4 ways to stop being so busy

Running fast, getting nowhere Flickr user nycstreets

(MoneyWatch) There are 168 hours in a week. I think that's plenty of time to build a rewarding career and a fulfilling personal life. After all, if you work 50 hours a week and sleep eight hours a night (56 per week) that still leaves 62 hours for other things. And most people don't work 50 hours a week (not even people who think they do).

The problem is that many of us don't use our 168 hours well. At least that's my takeaway from the long emails I get from people claiming that I just don't understand. They really have no time! I always wonder why, if they have no time, they're using precious minutes to write an email to someone they don't know.

The problem is that we mistake busyness for doing things that matter. Just because our time is filled with things doesn't mean it's filled with the right things, or that it has to be filled with many things at all. We forget just how much control we have over what goes into our 168 hours.

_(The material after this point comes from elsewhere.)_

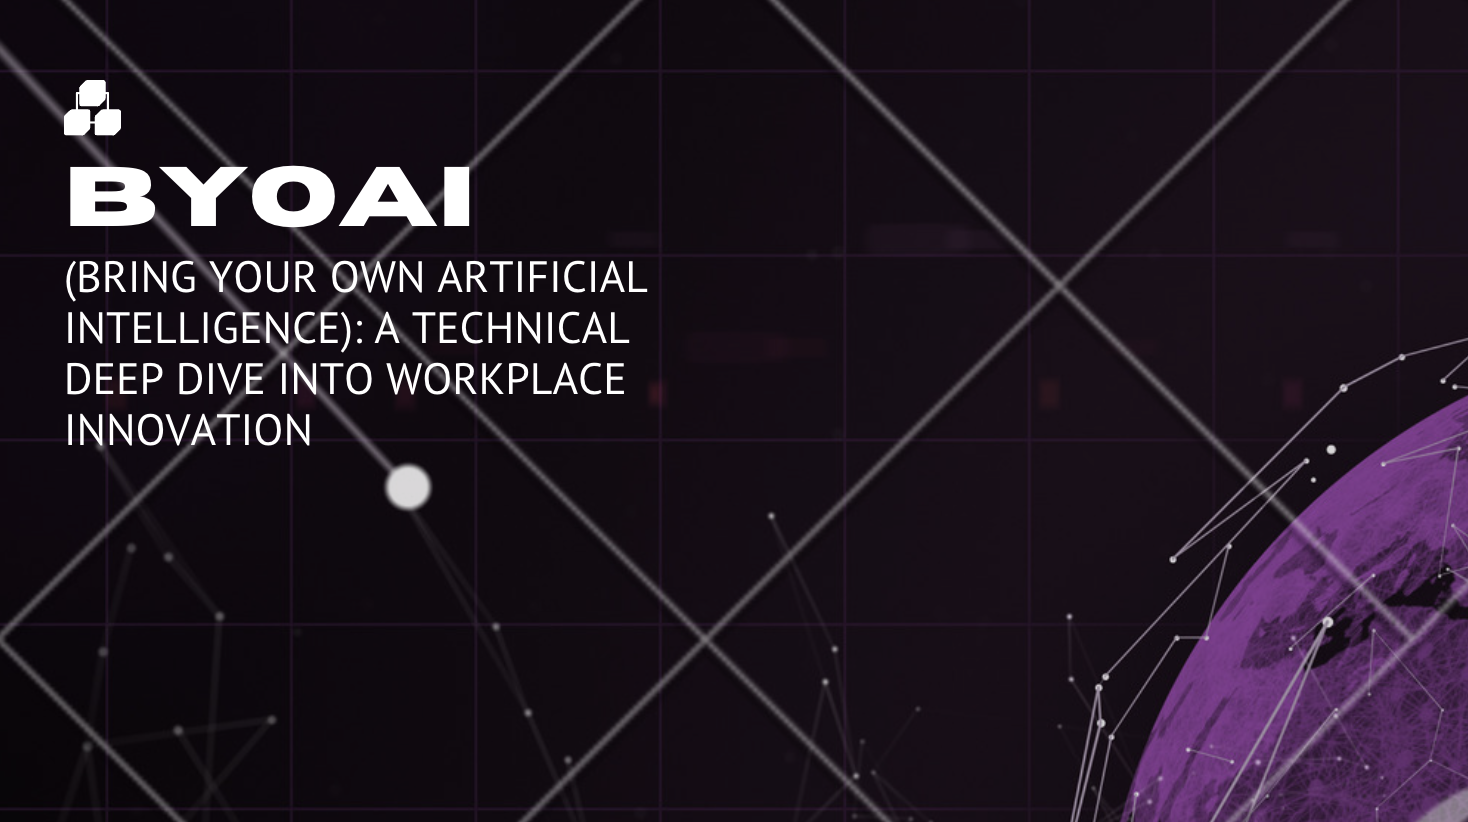 BYOAI (Bring Your Own Artificial Intelligence): A Technical Deep Dive into Workplace Innovation

Let's put it this way: Do you iron your sheets? I doubt it. Who has time? But if someone offered to pay you $50,000 to iron your sheets, you'd probably find the time in your busy schedule. Which means you could find time for other priorities if you wanted to. You just need to stop being so busy. Here's how:

1. Don't mistake things that look like work for actual work. Just because you're doing something during work hours doesn't mean it's advancing your organization or you toward your goals. Are you spending your morning getting ready for a meeting that wouldn't have to happen if you had a better project management system in place? Solve the bigger problem and claw your time back.

2. Tune out. We spend a lot of time checking email, reading headlines online, and then following links to new and interesting stories. While that's personally profitable to bloggers like me, it's probably not good for your productivity. Don't keep electronic temptations available (Related post: Don't let email ruin your life).

3. Think long term. Stop and think about what you're doing. Ask yourself, "Will this contribute toward something that people might mention at my retirement dinner, or even at my funeral?" If not, that doesn't mean you shouldn't do it -- no one's going to mention that I did my taxes on time -- but you shouldn't spend all your time on it, either.

4. Ignore, minimize, outsource. What do you have on your plate that shouldn't be there? Don't mistake other people's priorities for your own. Your priority may be raising resilient, happy children, but that doesn't mean you need to be a one-man taxi service shuttling kids to eight different activities. Your teens are capable of working out a carpool with other families, riding their bikes, or taking the bus.

What could you do to stop being so busy?